◆ Task brief
From the entries below, please gather each line containing the string "markers".

◆ Material shown
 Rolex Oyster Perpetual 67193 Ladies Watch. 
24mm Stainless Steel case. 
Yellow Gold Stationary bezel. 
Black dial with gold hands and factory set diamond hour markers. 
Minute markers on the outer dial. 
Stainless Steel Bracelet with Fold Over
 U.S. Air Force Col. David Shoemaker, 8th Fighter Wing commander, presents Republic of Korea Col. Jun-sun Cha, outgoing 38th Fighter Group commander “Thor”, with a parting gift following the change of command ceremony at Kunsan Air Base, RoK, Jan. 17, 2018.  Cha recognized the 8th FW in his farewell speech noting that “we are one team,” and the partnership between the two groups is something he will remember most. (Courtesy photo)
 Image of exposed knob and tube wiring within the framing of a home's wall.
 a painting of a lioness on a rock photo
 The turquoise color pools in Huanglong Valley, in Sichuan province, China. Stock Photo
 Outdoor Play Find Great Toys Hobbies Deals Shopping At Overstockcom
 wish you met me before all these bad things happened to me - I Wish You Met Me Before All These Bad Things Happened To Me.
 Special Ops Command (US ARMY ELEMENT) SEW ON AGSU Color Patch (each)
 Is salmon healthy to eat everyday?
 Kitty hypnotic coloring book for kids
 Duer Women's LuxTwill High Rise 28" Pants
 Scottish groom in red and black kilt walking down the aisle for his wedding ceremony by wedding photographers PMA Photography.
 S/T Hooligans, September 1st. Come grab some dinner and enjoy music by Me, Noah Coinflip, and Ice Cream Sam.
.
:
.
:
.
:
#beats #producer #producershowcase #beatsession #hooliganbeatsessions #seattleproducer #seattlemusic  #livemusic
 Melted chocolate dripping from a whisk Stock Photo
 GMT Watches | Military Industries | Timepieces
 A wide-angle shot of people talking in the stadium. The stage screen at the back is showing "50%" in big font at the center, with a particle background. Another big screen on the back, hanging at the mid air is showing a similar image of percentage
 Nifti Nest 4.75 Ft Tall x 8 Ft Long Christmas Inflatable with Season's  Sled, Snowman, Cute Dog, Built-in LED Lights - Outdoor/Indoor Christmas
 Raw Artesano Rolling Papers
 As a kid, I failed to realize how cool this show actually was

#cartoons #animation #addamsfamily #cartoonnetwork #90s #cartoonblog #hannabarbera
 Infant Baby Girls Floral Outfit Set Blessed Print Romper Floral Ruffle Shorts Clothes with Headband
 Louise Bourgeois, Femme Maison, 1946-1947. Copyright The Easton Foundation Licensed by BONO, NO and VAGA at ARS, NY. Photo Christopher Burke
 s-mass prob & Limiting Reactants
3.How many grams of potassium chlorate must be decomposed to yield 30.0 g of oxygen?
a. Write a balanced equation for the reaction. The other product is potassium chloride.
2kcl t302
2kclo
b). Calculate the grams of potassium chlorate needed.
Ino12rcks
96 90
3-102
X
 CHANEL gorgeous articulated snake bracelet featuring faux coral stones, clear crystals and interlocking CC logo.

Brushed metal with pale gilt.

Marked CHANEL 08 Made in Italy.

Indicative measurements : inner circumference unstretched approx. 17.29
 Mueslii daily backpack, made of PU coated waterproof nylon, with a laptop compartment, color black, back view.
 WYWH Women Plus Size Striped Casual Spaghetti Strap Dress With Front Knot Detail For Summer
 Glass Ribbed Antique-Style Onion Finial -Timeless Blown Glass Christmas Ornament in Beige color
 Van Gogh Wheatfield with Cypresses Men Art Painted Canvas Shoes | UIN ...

◆ Output of the task
Black dial with gold hands and factory set diamond hour markers. 
Minute markers on the outer dial. 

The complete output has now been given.